The defendant's contention that various remarks made by the prosecutor during the opening statement and the summation were improper and deprived him of a fair trial is unpreserved for appellate review ( seeCPL 470.05[2] ). In any event, while some of the comments would have been better left unsaid, the defendant was not deprived of a fair trial thereby, and any other error in this regard was harmless in light of the overwhelming evidence of the defendant's guilt, and the fact that there is no significant probability that the comments contributed to the defendant's conviction ( see People v. Crimmins, 36 N.Y.2d 230, 241–242, 367 N.Y.S.2d 213, 326 N.E.2d 787).
The defendant's contention that the Supreme Court improperly failed to conduct a hearing to determine the proper amount of restitution is unpreserved for appellate review ( seeCPL 470.05[2]; People v. Horne, 97 N.Y.2d 404, 414 n. 3, 740 N.Y.S.2d 675, 767 N.E.2d 132; People v. Harris, 72 A.D.3d 1110, 1112–1113, 900 N.Y.S.2d 137; People v.
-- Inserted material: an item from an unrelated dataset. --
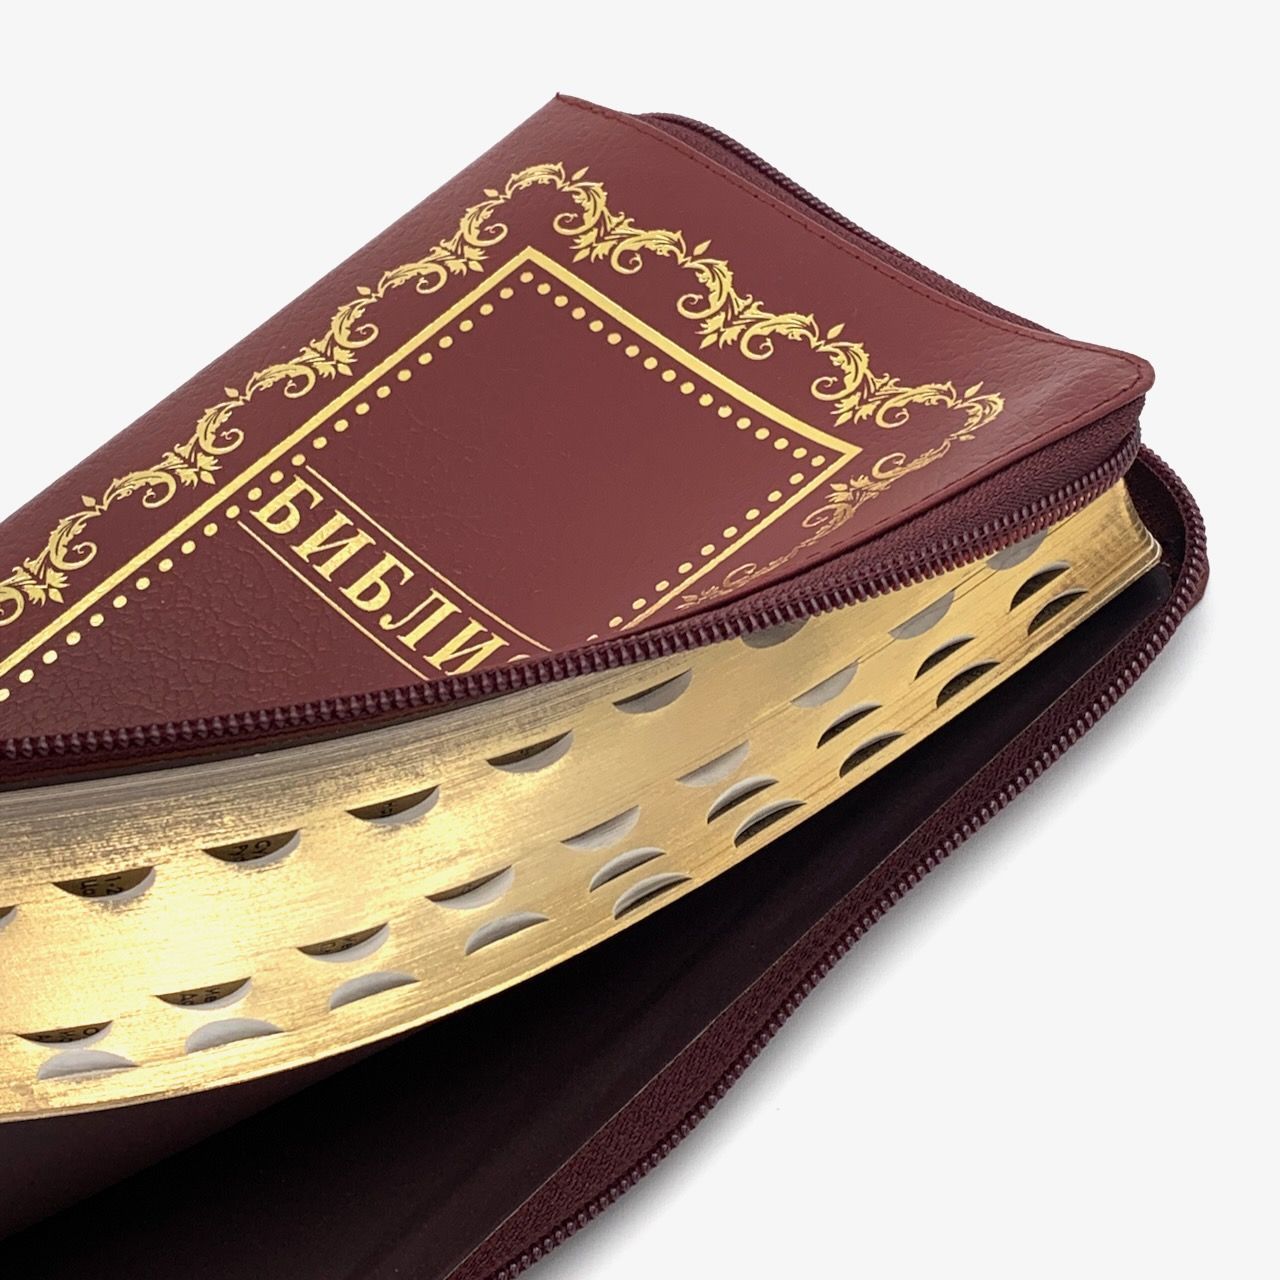 Библия 055zti код D6 дизайн "золотая рамка с орнаментом", кожаный переплет на молнии с индексами, цвет бордовый пятнистый, средний формат, 143*220 мм, параллельные места по центру страницы, белые страницы, золотой обрез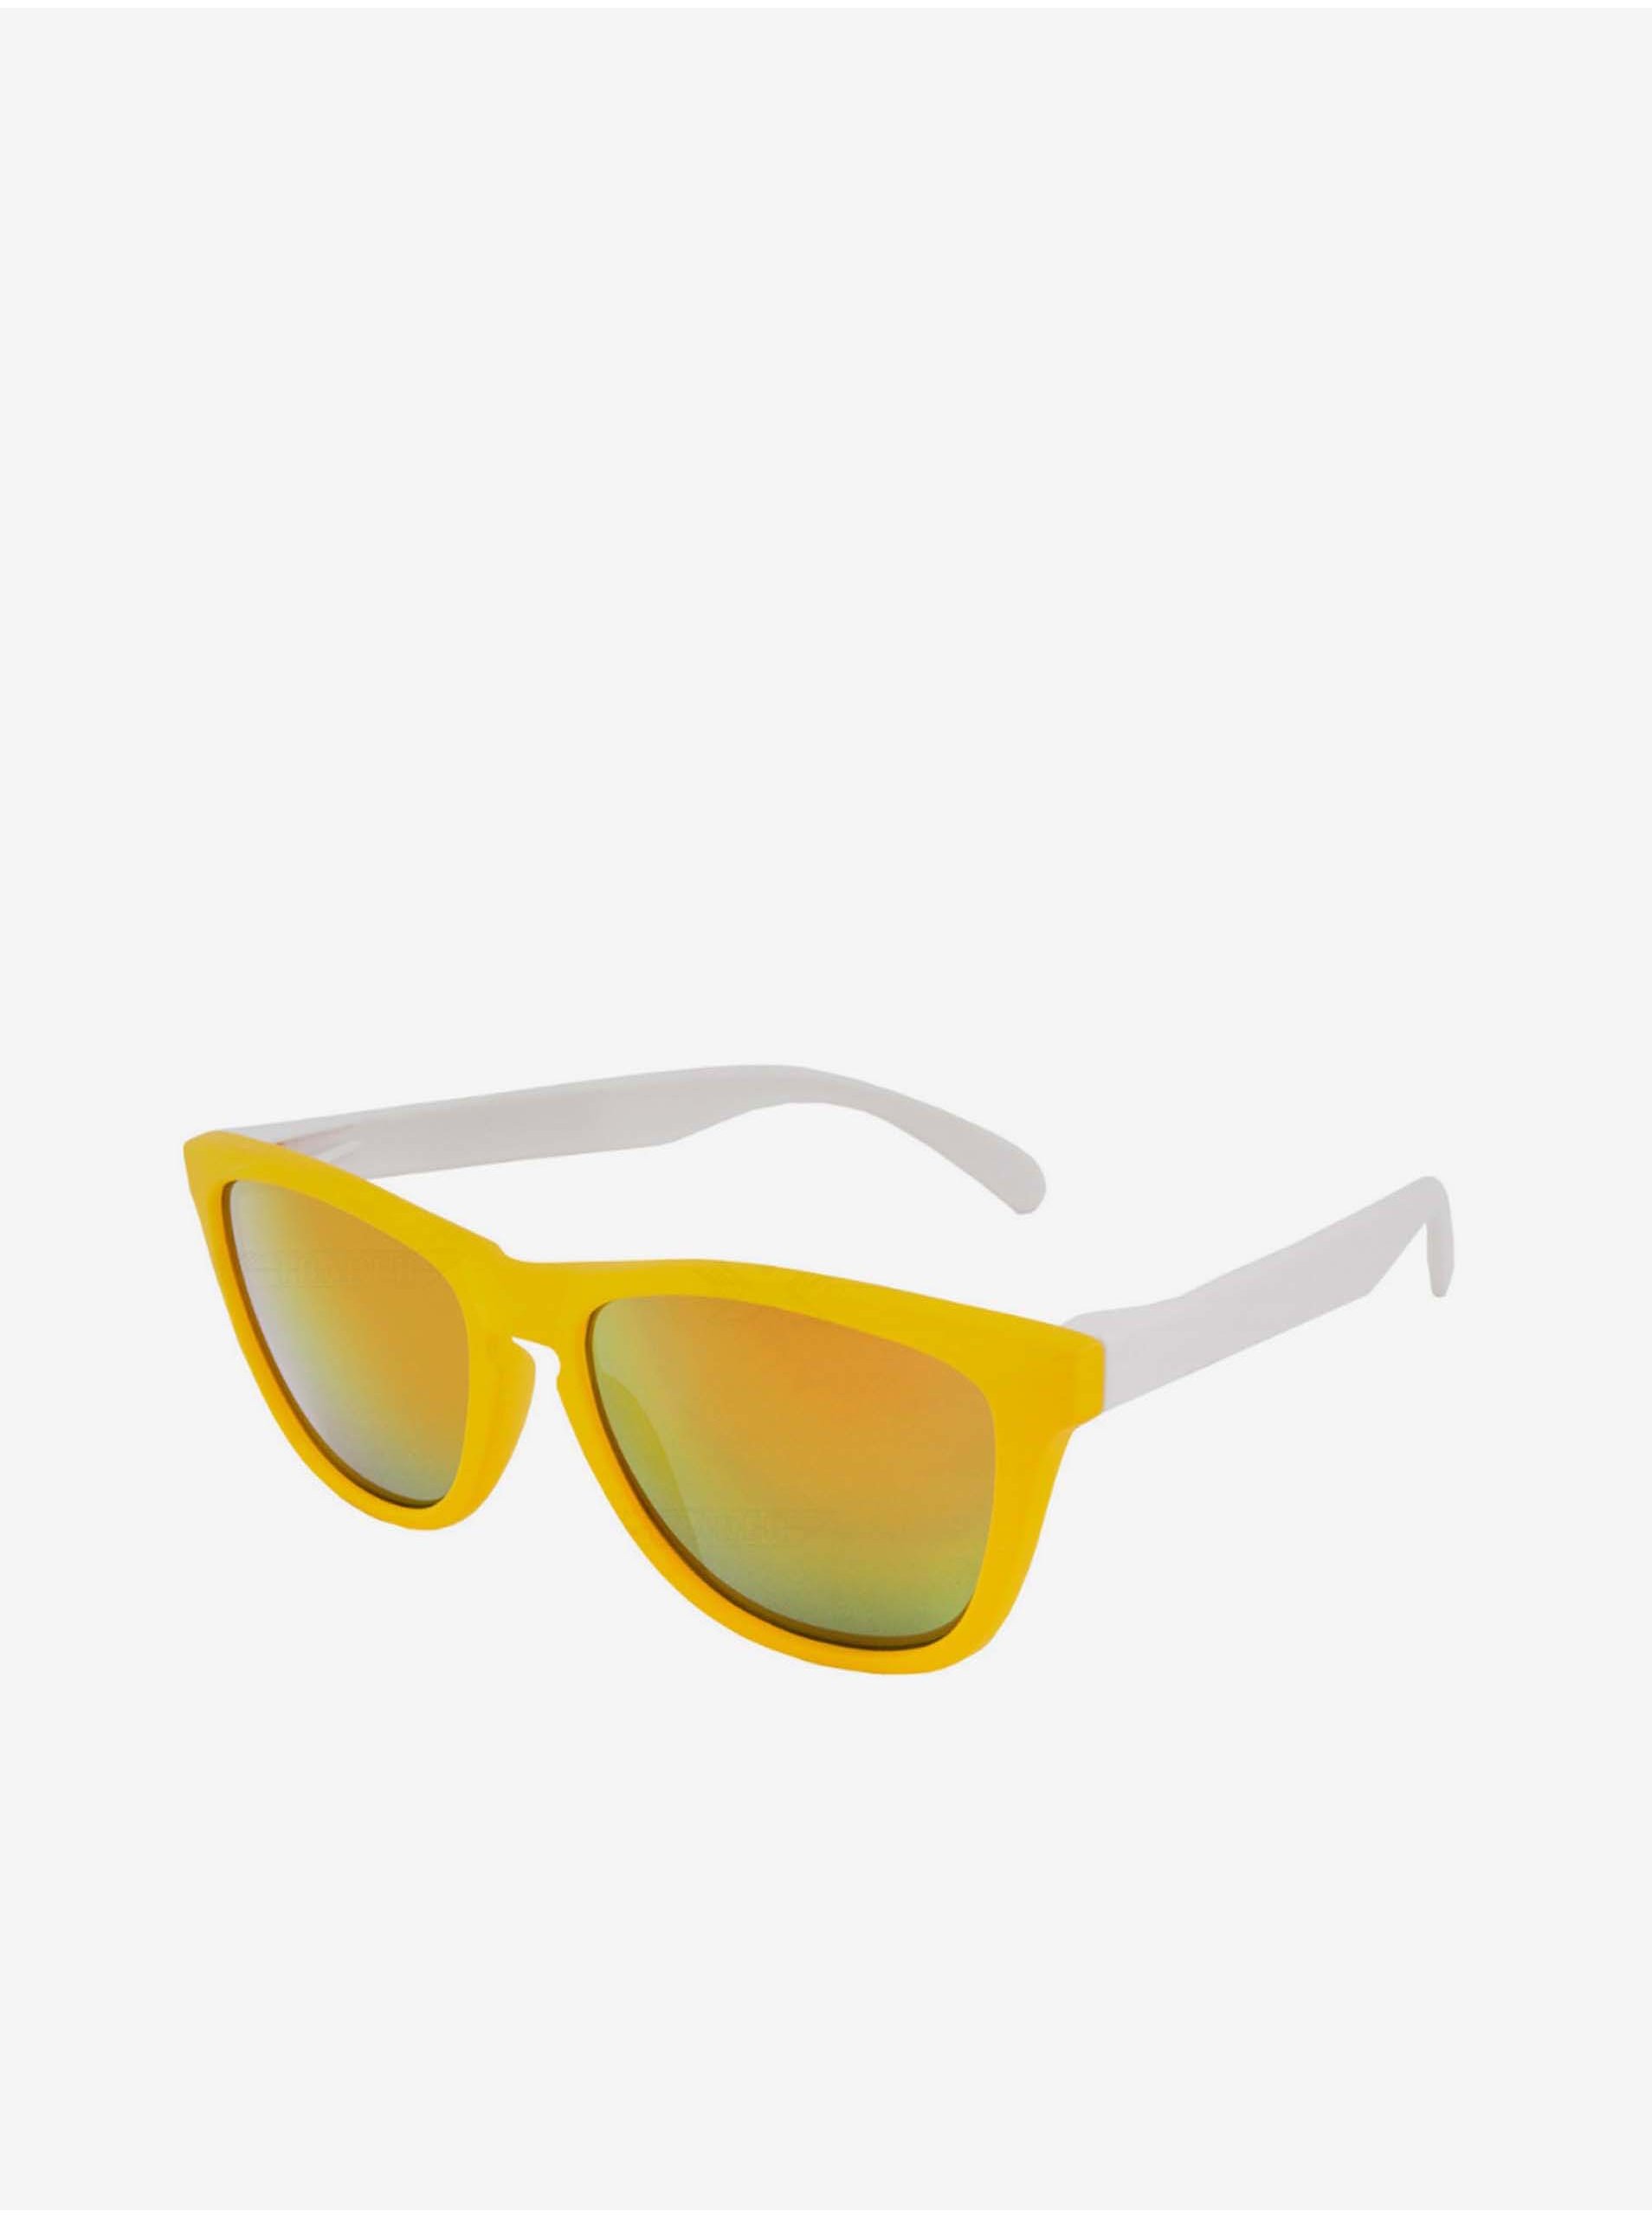 Levně VeyRey Sluneční brýle Nerd Cool žluto-bílé

Baez, 52 A.D.3d 840, 859 N.Y.S.2d 375) and, in any event, without merit, since the Supreme Court properly made a finding of the amount of actual loss sustained by the victims, based upon sufficient evidence in the record ( see People v. Kim, 91 N.Y.2d 407, 410–411, 671 N.Y.S.2d 420, 694 N.E.2d 421; People v. Harris, 72 A.D.3d at 1112, 900 N.Y.S.2d 137; People v. Lawson, 65 A.D.3d 1380, 885 N.Y.S.2d 621; People v. Charles, 309 A.D.2d 873, 874, 766 N.Y.S.2d 42). Similarly, the defendant's contention that the Supreme Court was required to determine his ability to pay is unpreserved for appellate review ( seeCPL 470.05[2] ), and, in any event, without merit ( see People v. Harris, 72 A.D.3d at 1112–1113, 900 N.Y.S.2d 137; People v. Henry, 64 A.D.3d 804, 807, 881 N.Y.S.2d 701).
The defendant's remaining contentions, including the remaining contentions raised in his supplemental pro se brief, are without merit.